The top row describes the first random sample. There is a proportion A out of E items which possess a particular attribute. The 2nd row describes another random sample with a proportion C out of F possessing the SAME attribute. The 1st and 2nd columns may be described in a general way as "successful" and "unsuccessful". The other numbers in the table are needed for the calculations carried out by this program. Exceedingly large numbers are involved in the calculations such as the products of factorials of all numbers in the table.

The null-hypothesis is that in the two large populations from which the samples are taken the true proportions are identical. The question is asked, what is the probability that results as extreme as those observed could have been due to chance sampling alone. If the probability is small enough then it may be concluded that a real difference between proportions actually exists.

It is usual to take the 10% probability level as suggesting that a difference exists, the 1% level indicating that a difference very likely exists, and a 0.1% level indicating that a difference almost certainly exists. And so on.

It is usual to describe the results of an experiment as Not Significant, Suggestive, Significant, Highly Significant or Extremely Highly Significant according to the decreasing probability that the extreme values observed are due entirely to the random sampling of items from the two large populations.

In experimental design it is essential to ensure samples are taken purely at random without any possibility of bias affecting the proportions of interest.

Depending on how a table is arranged it may be that the "greater than" probability is the appropriate limit to be used. Some experience is needed.

The relationship between the two samples can be considered as a type of correlation. The significance limits of the correlation coefficient are shown. The actual value of the correlation coefficient between the populations lies between the stated confidence probabilities of 95% and 99%.

The Cross Product Ratio, A*D/B*C, is a statistic which is meaningful in some types of experiment. Calculated probabilities apply to this also.

The abbreviations UL and LL are Upper Limit and Lower Limit. Probabilities in this program are areas under one tail of the normal distribution curve with corresponding probabilities in the other tail being 100-p%

In the table of "Raw data proportions" the "expected" sample proportions are based on the hypothesis that the population proportions are the same.

In the table "Correlation Coefficient r", calculated r is the observed value of r in the samples. Probability is that of an absolute value as high as r could arise on the assumption of no correlation between the populations.
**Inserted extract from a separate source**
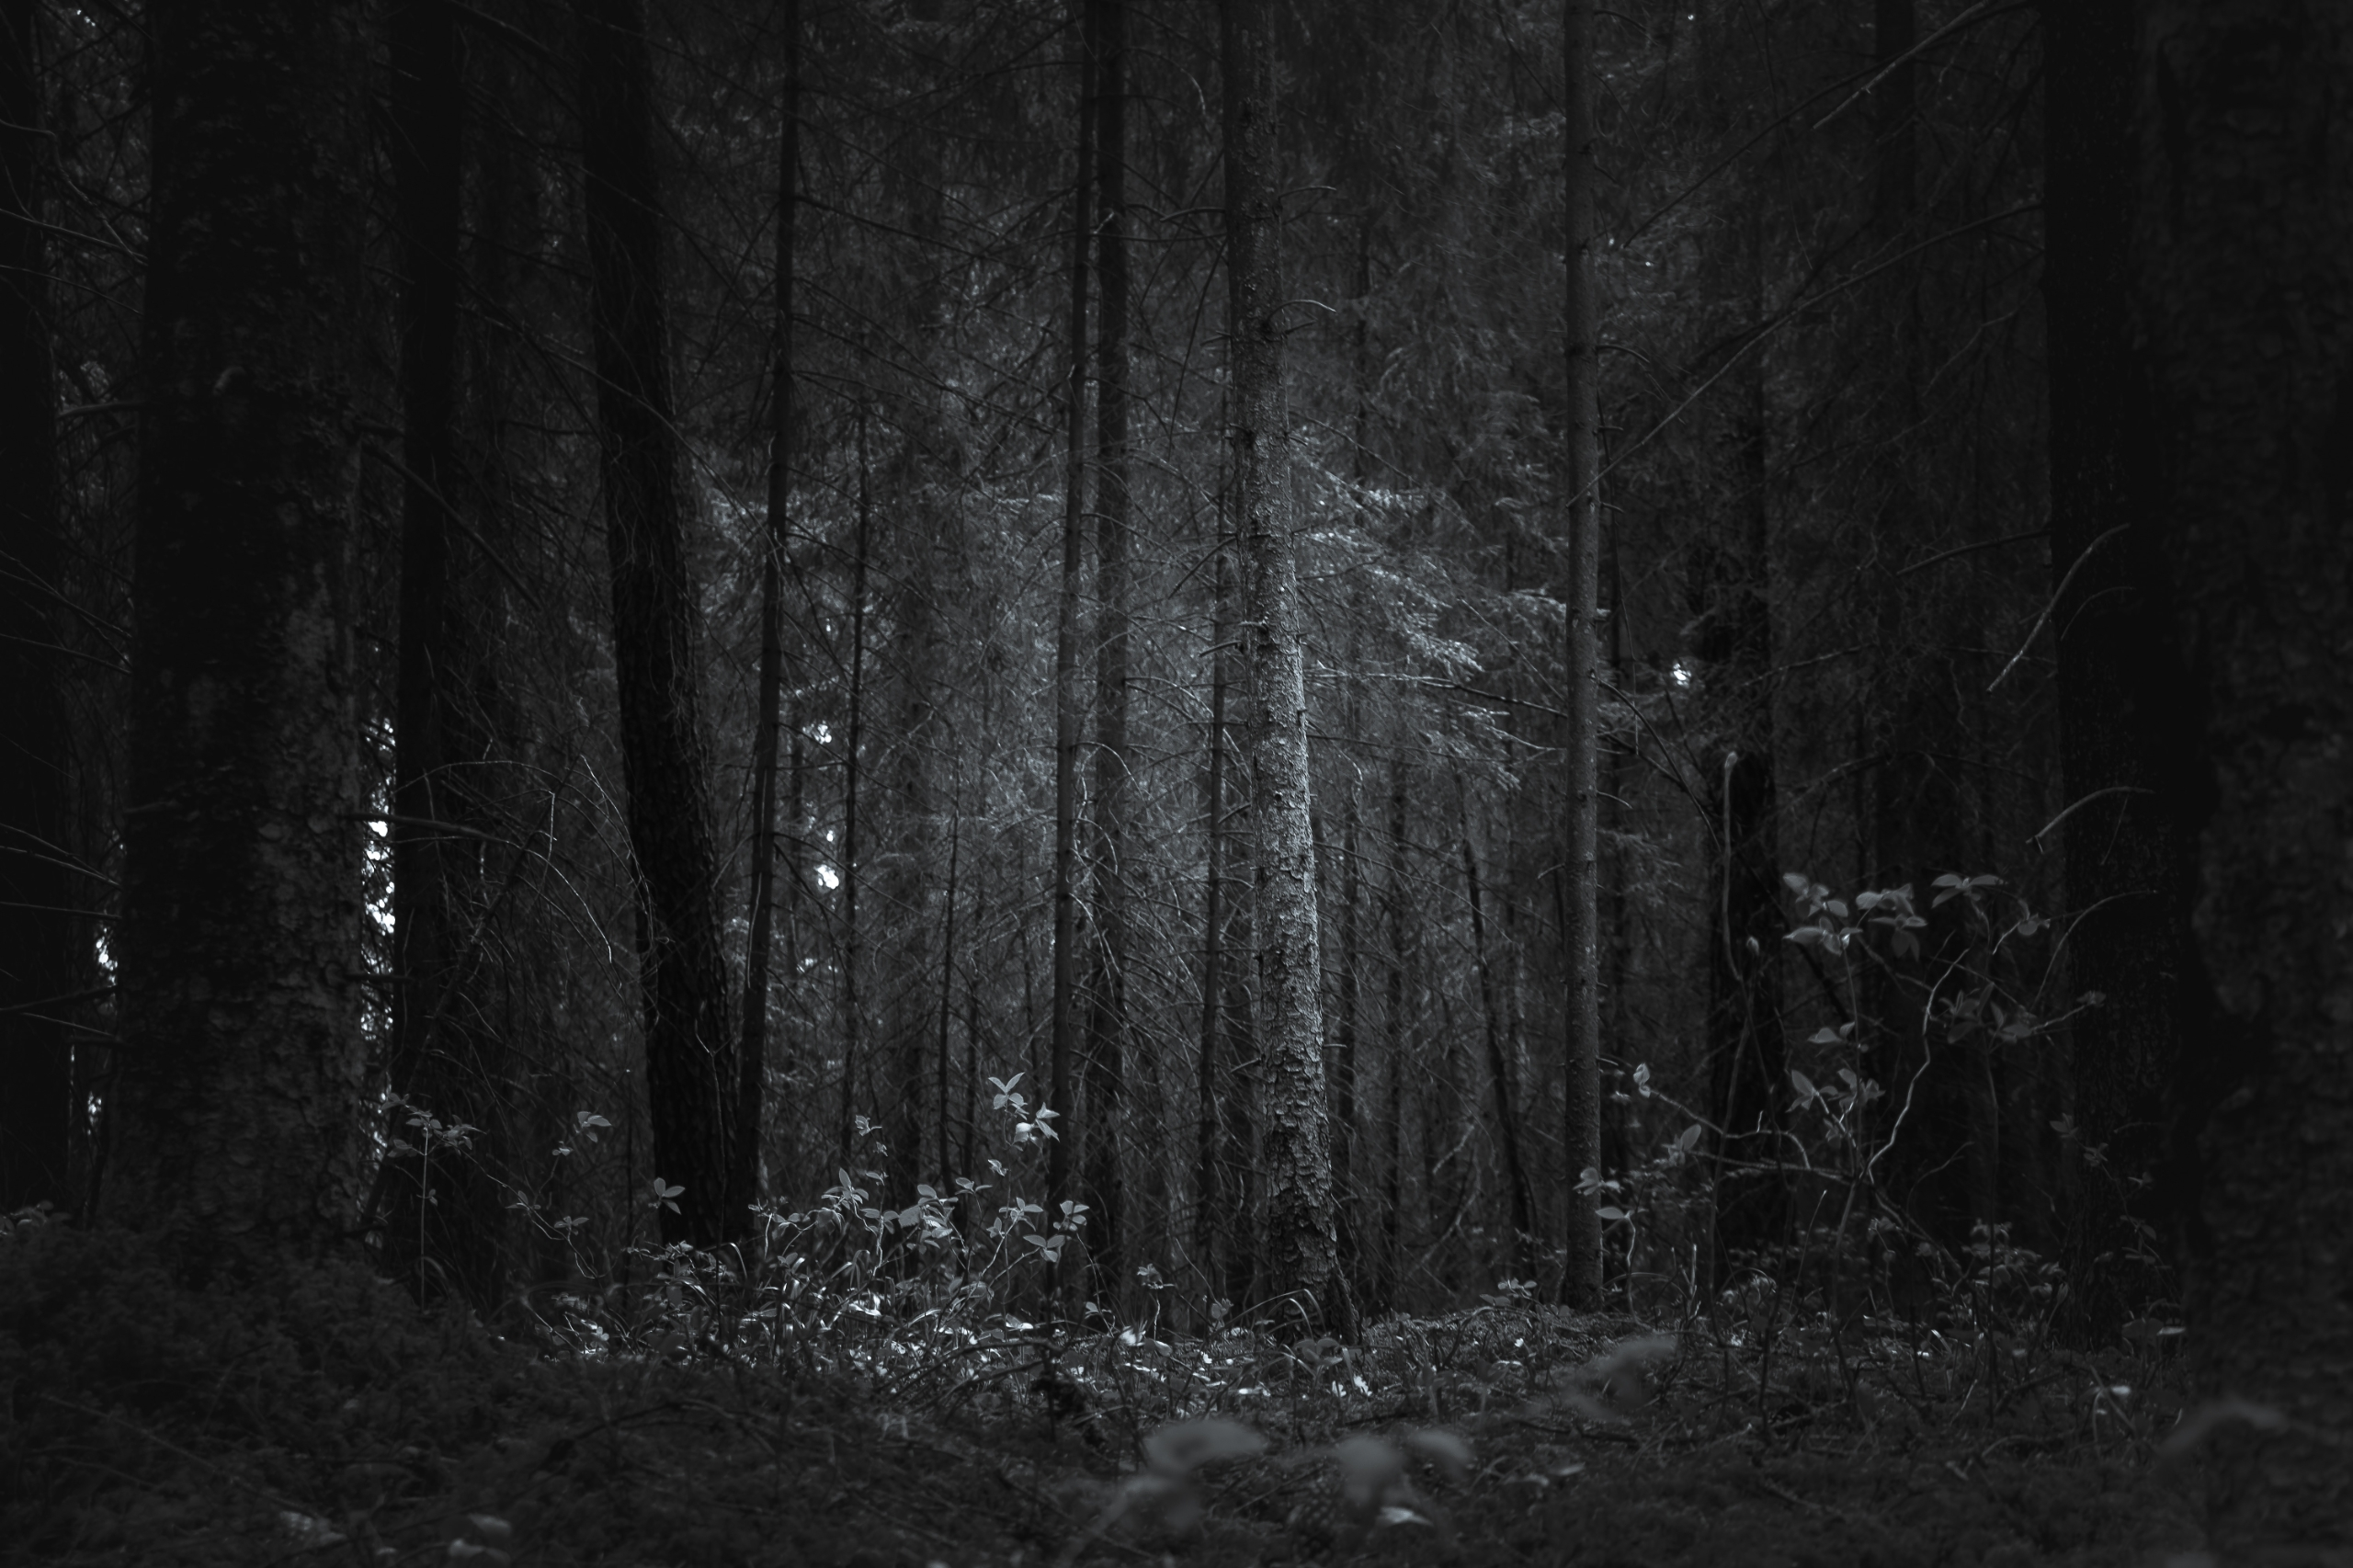 lithuania, lietuva, лес, forest - beheroght | ello

In the table "Correlation Coefficient" are the confidence limits on the actual but unknown correlation coefficient between the two populations.
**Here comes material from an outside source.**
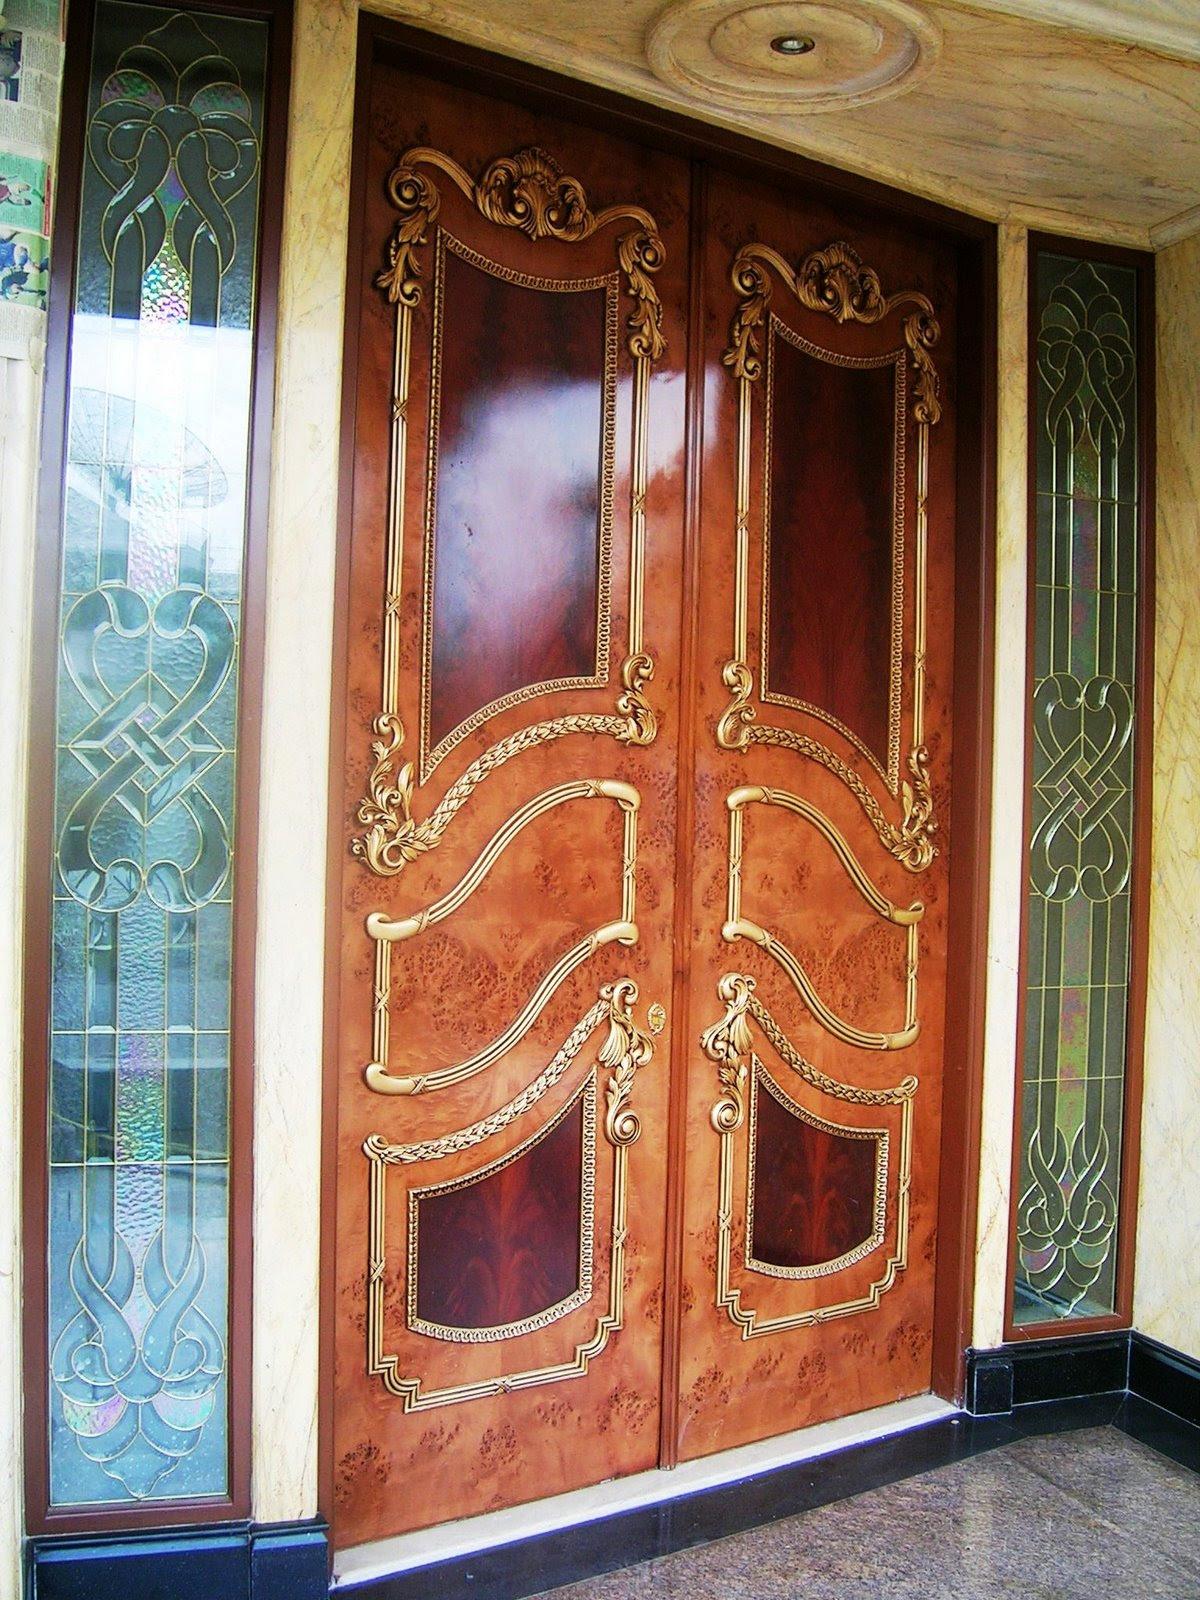 Contoh Daun Pintu Rumah Idaman ~ Gambar Rumah Idaman

In the table "Confidence limits for proportions" are estimates of the actual proportions which exist separately in the two populations The possible range of each proportion increases as the probability of the true value of the proportion lying within that range increases from 95 to 99% It will be noticed, intuitively, accuracy of estimates increase as sample sizes increase.

Do not allow a size of sample, E,F,G,H, less than 2 or program will abort. Do not enter data, A,B,C,D, greater than 500. Numerical overflow may occur. For large values of A,B,C,D other more simple formulae are just as accurate and, in general, firm conclusions can be drawn from the data without calculation of probabilities.